The book, “Los Alamos, the Ranch School Years 1917-1943,” by John D. Wirth and Linda Harvey Aldrich, describes a sweet illustration of “a star-strewn winter evening, with skiers and bonfires outside Fuller Lodge, on the 1928 Christmas card sent to parents and friends of the school.”
The mentioned school is the famed Los Alamos Ranch School. Well-heeled families sent their sons to the boarding school to grow into educated leaders and capable, rugged outdoorsmen. While the success of these aims varied among the students, the surrounding nature provided an idyllic backdrop for their education.
Starlight sparkles
This vintage Christmas card from 1928 conveyed a sense of this idyll. Luckily, a member of the Bradbury team recently came into possession of one of these small treasures. The illustration by an unknown artist glows with a sense of nostalgia and the brisk comfort of a snowy night. It practically twinkles. Inside the card is a short poem by Peggy Pond Church:
Starlight sparkles and little fires glow
Over the white and silent snow,
And a Christmas wish that is old and true
Shines from our mesa land for you.
Merrymaking memories
Back in the card’s original era, most students returned to their respective homes for the holidays. For Ranch School employees and their families, the season brought an annual Christmas celebration. Held in Fuller Lodge, the party featured a dinner, presents for the children, and an appearance from Santa Claus. One year each family received a sled. The Christmas celebration was merry and memorable, an annual highlight through the years.

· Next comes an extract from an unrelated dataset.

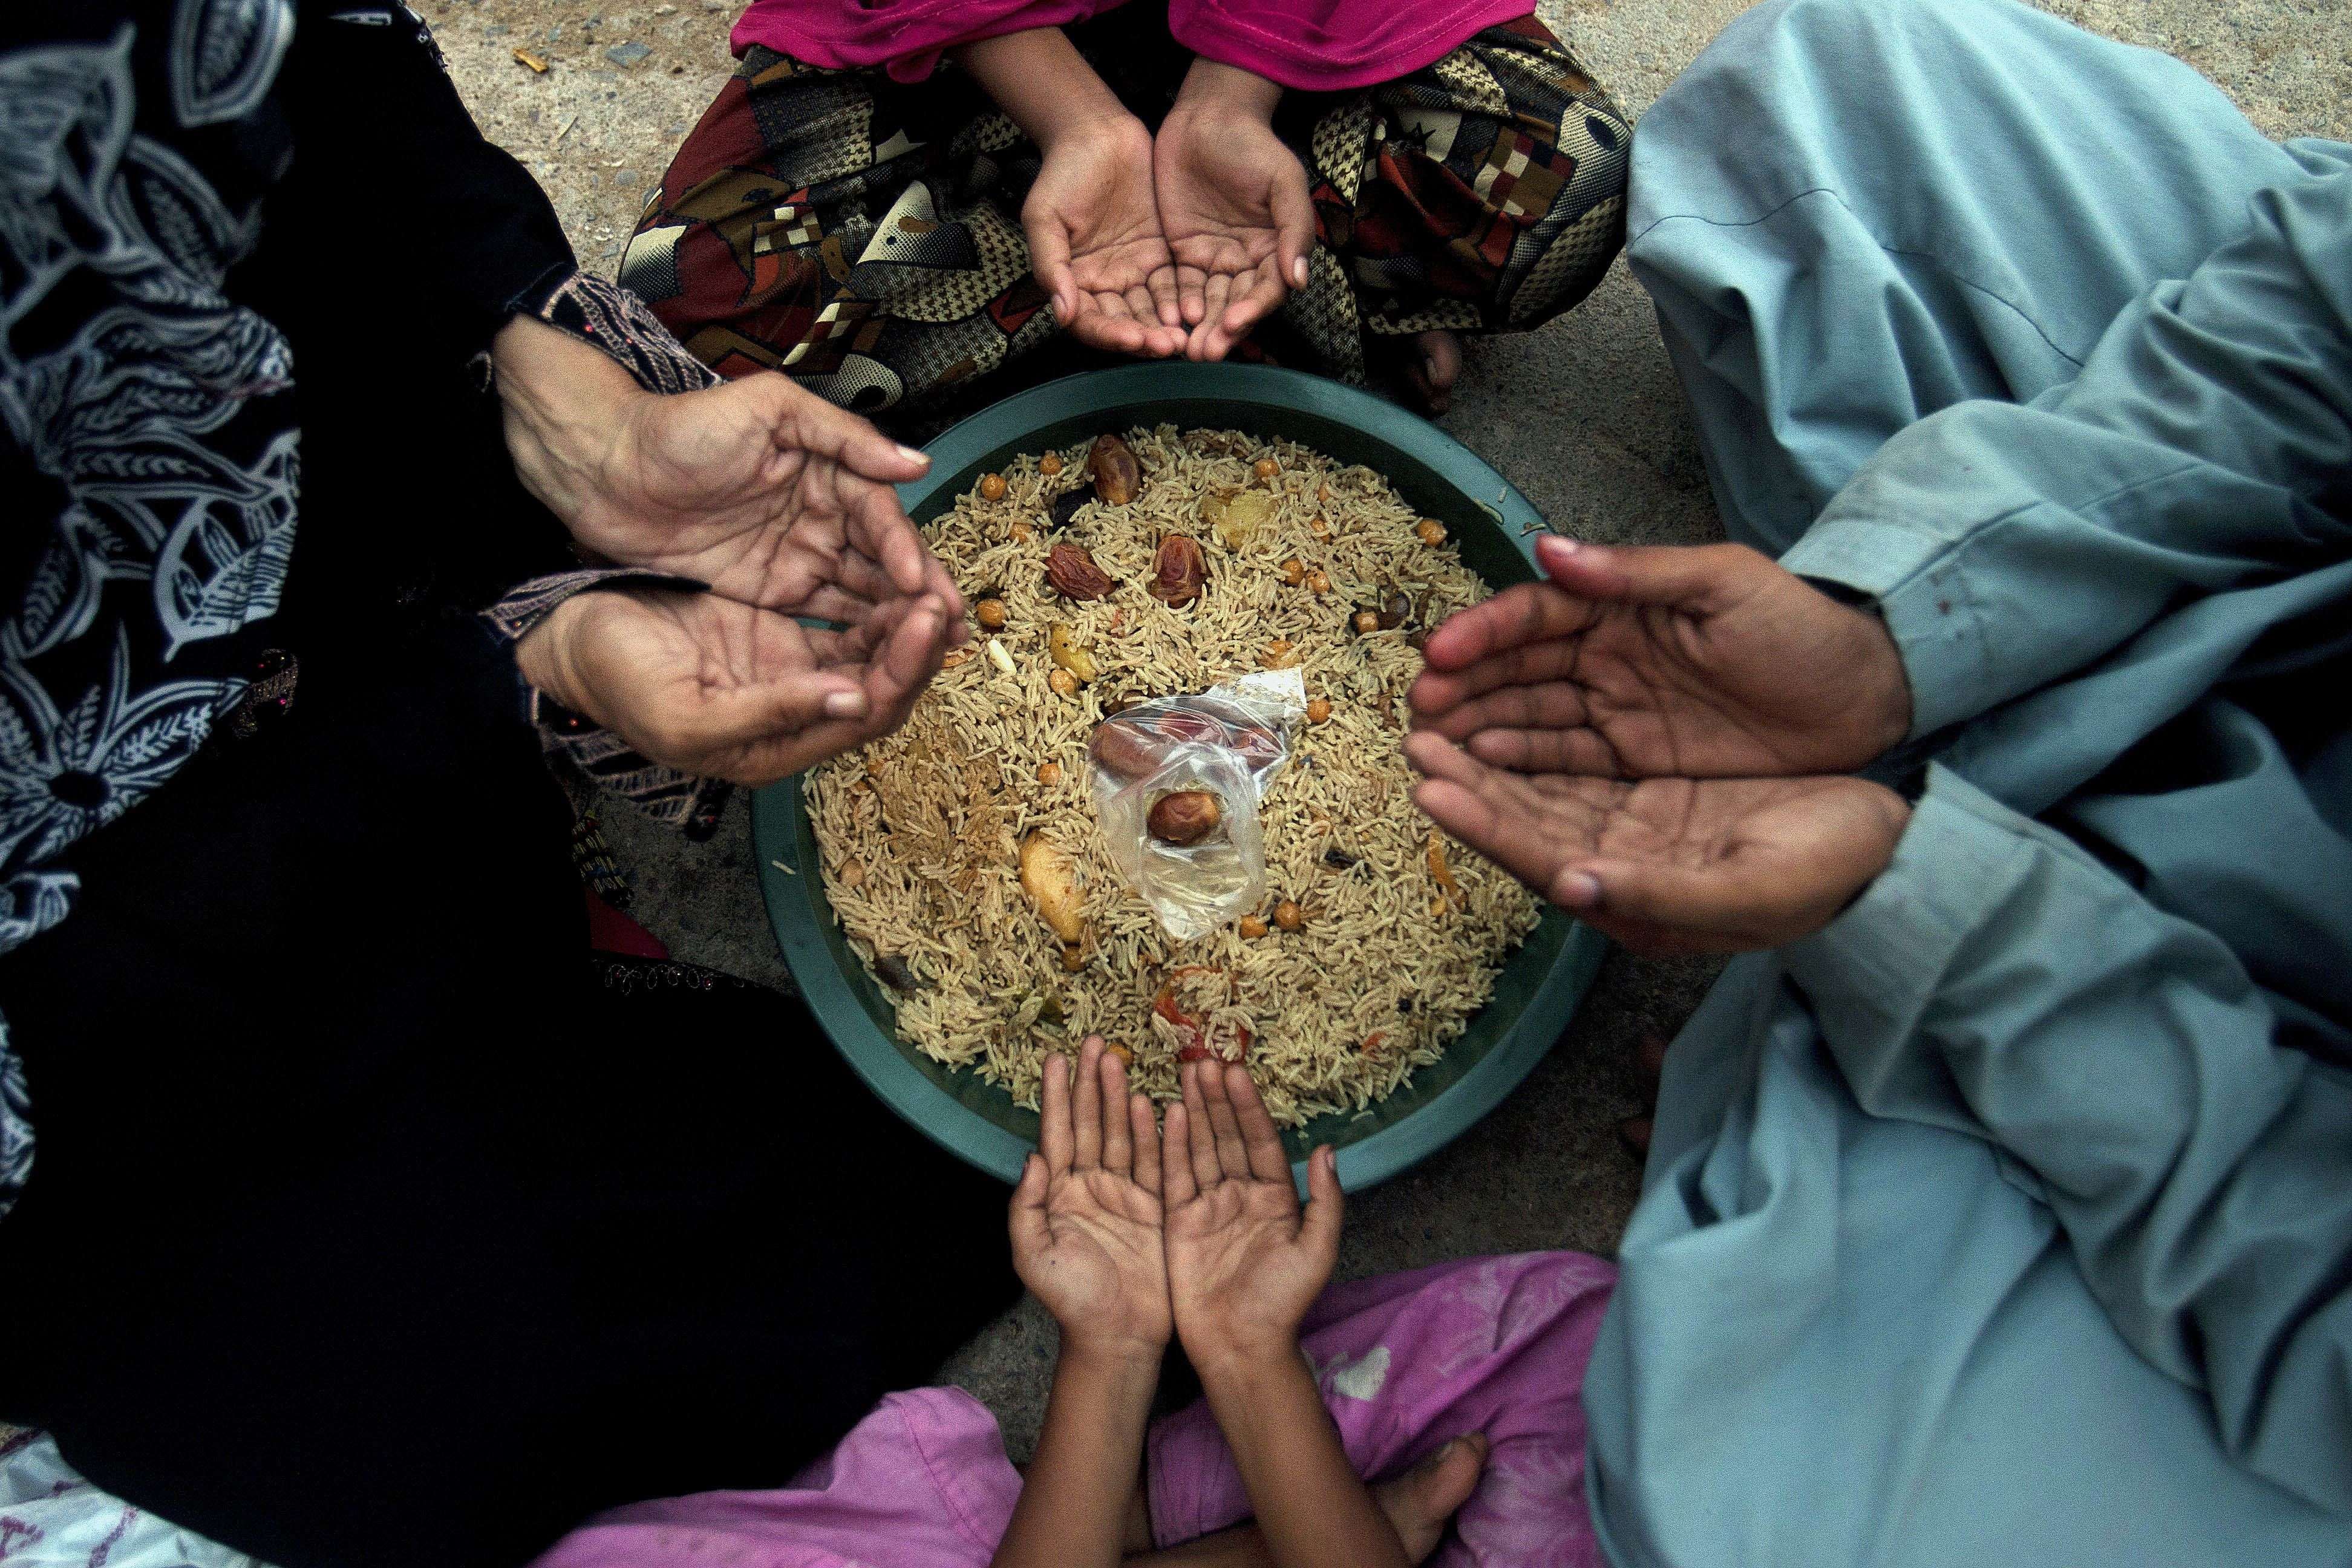 A family pray before breaking their fast during the Islamic month of Ramadan at a free food distribution point in Karachi, Pakistan, Wednesday, June 8, 2016. Muslims across the world are observing the holy fasting month of Ramadan, when they refrain from eating, drinking and smoking from dawn to dusk. (AP Photo/Shakil Adil)

Then in 1942, the war came.
A blue Christmas
On the first year anniversary of the Pearl Harbor bombing, Ranch School students gathered for an assembly. The school’s head, A.J. Connell, read aloud to the students a letter he had received from Secretary of War Henry L. Stimson. The letter stated, in part, “You are advised that it has been determined necessary to the interests of the United States in the prosecution of the War that the property of Los Alamos Ranch School be acquired for military purposes.”

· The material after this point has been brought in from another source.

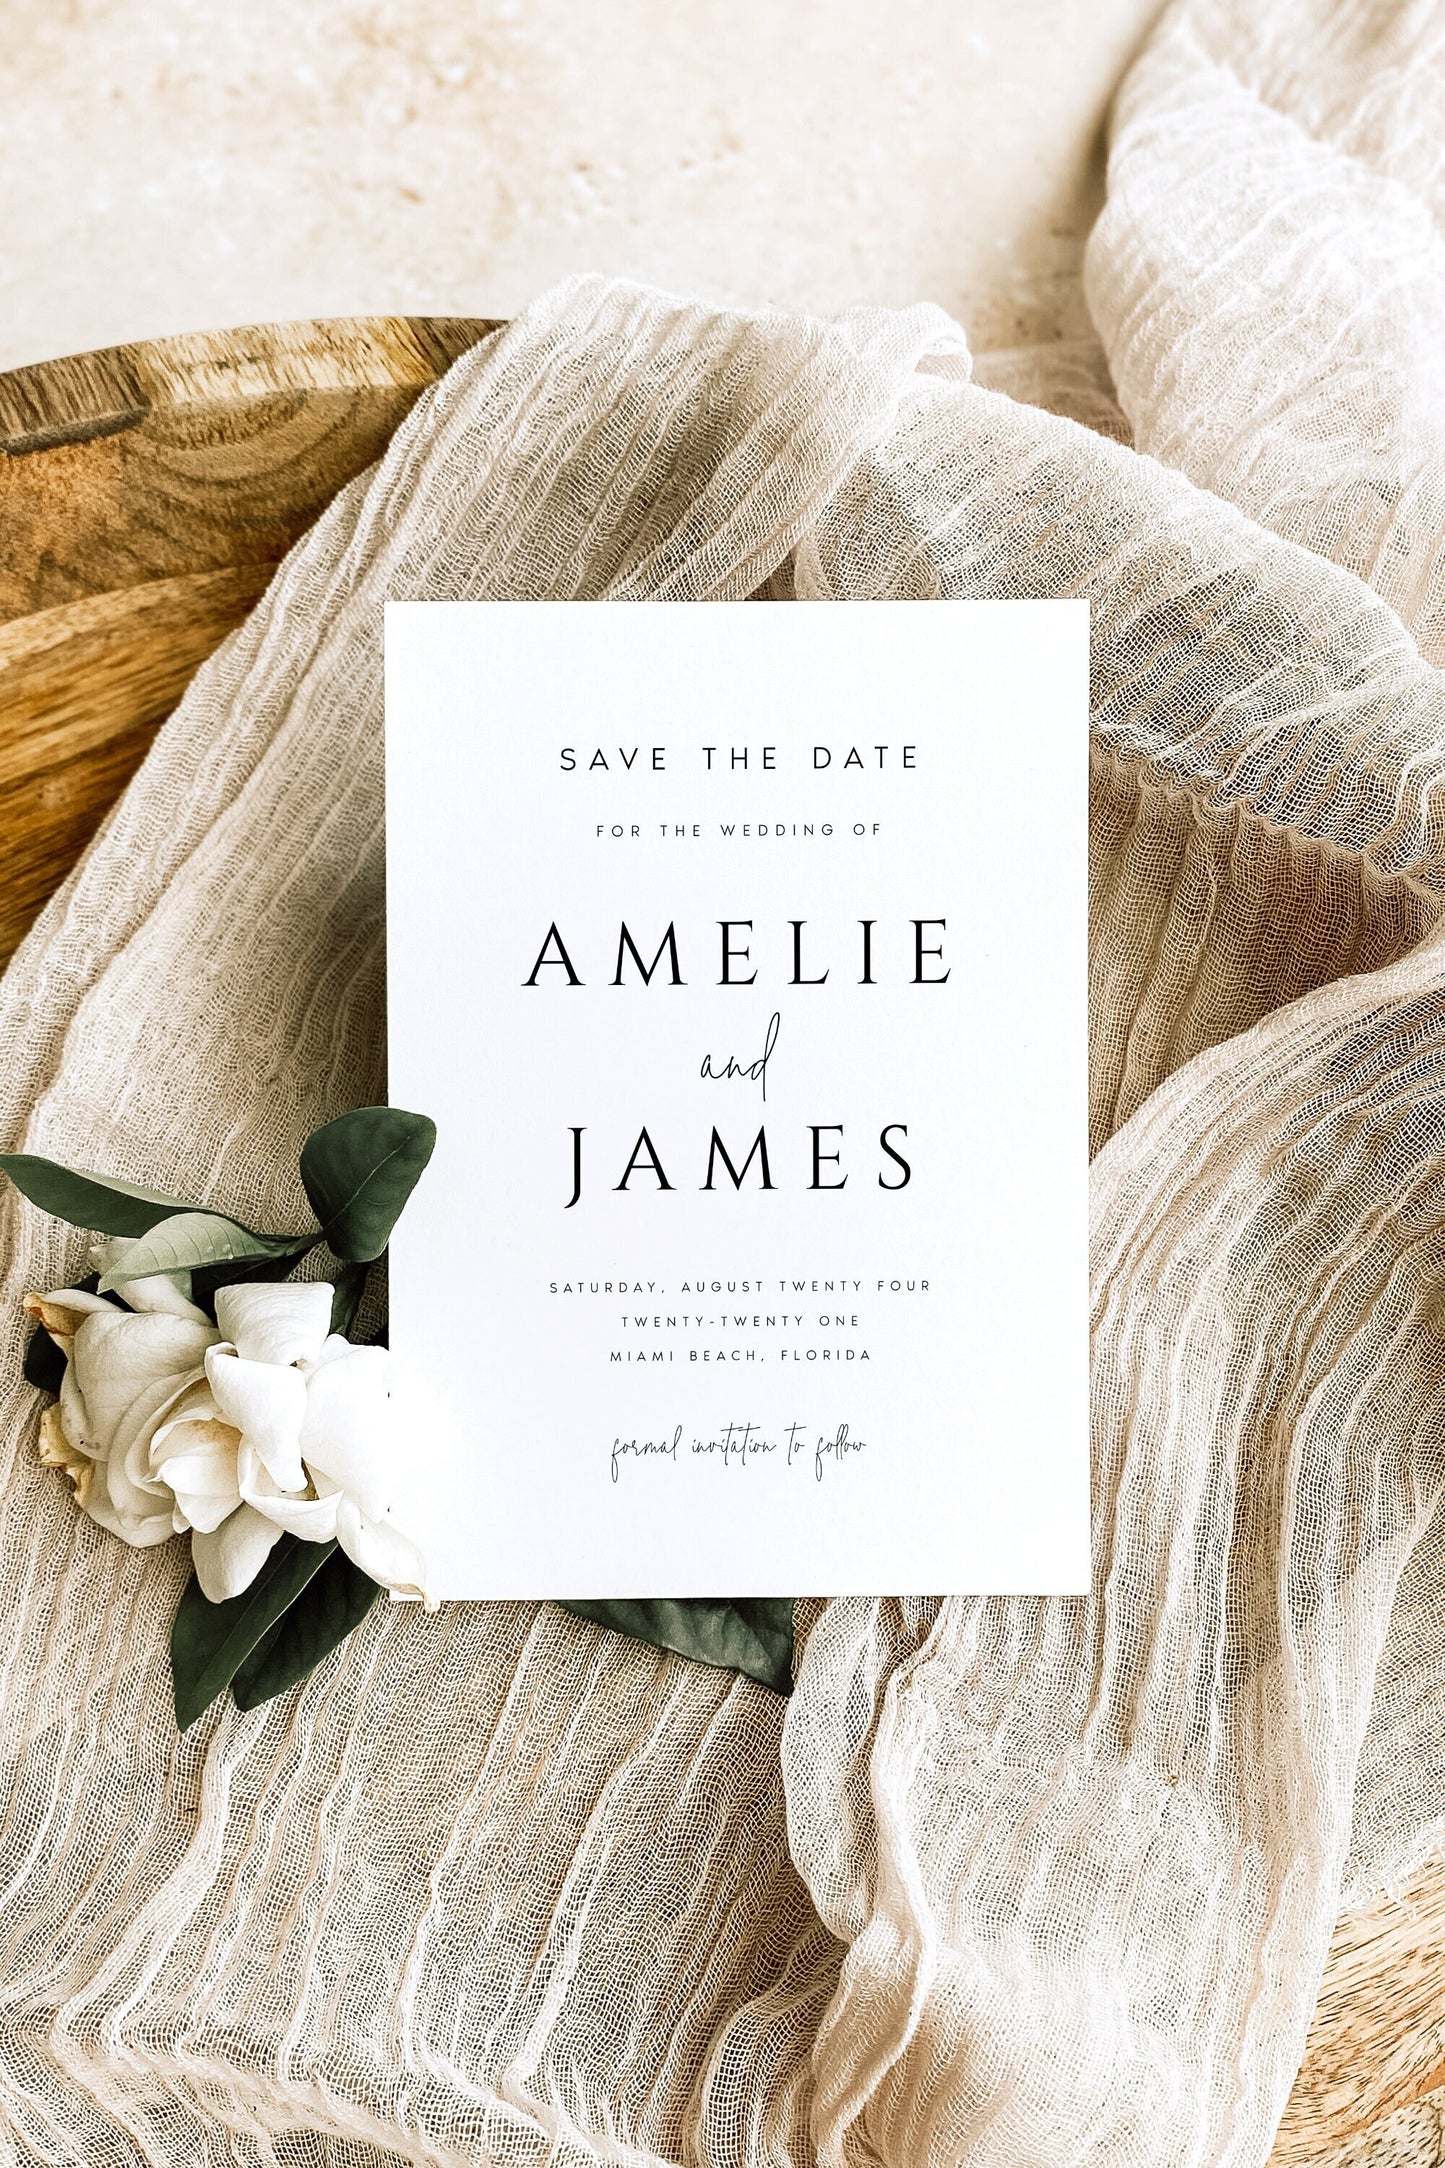 Amelie Save the Date Editable Template

This not only meant that students, teachers and administrators had mere weeks to pack up and leave, but the emerging world war brought a true bah-humbug into their wintry wonderland: Christmas was canceled. No party. No presents. No Santa Claus.

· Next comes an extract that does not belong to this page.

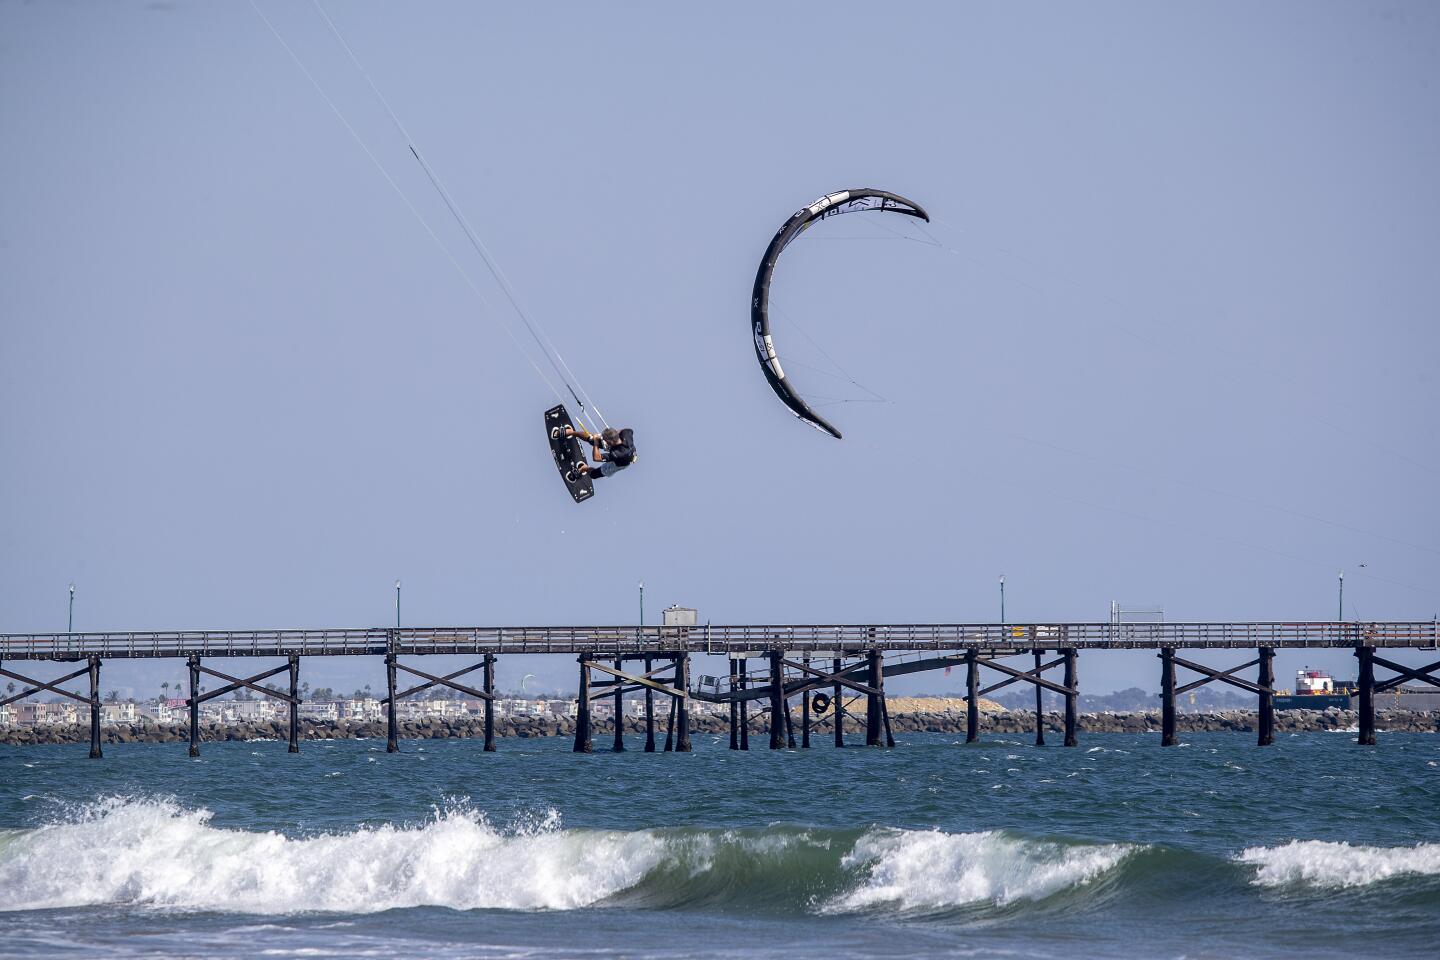 A kite surfer goes airborne in Seal Beach

Only one festivity occurred in the following weeks: the hasty graduation of four students who had completed their required coursework. Soon after, the Ranch School moved out and the Manhattan Project took over Fuller Lodge and Los Alamos.
Stars seemed bigger
The moment in time when winter fell on Ranch School students was a distinct era. The Los Alamos Historical Society’s book, “When Los Alamos was a Ranch School,” romantically details winter nights from this particular past. “December brought the cold down to Mesa level … As the nights grew longer, the stars seemed bigger and closer. There were no street lights at Los Alamos … As space seemed magnified by darkness, so the depth of silence intensified the night’s secret noises: the boom of a nighthawk’s wing like miniature thunder, an owl’s cry, often the melodic and noisy voices of coyotes. A pine cone rustling as it fell to earth made one’s hair rise a little in a primitive response to the unknown.”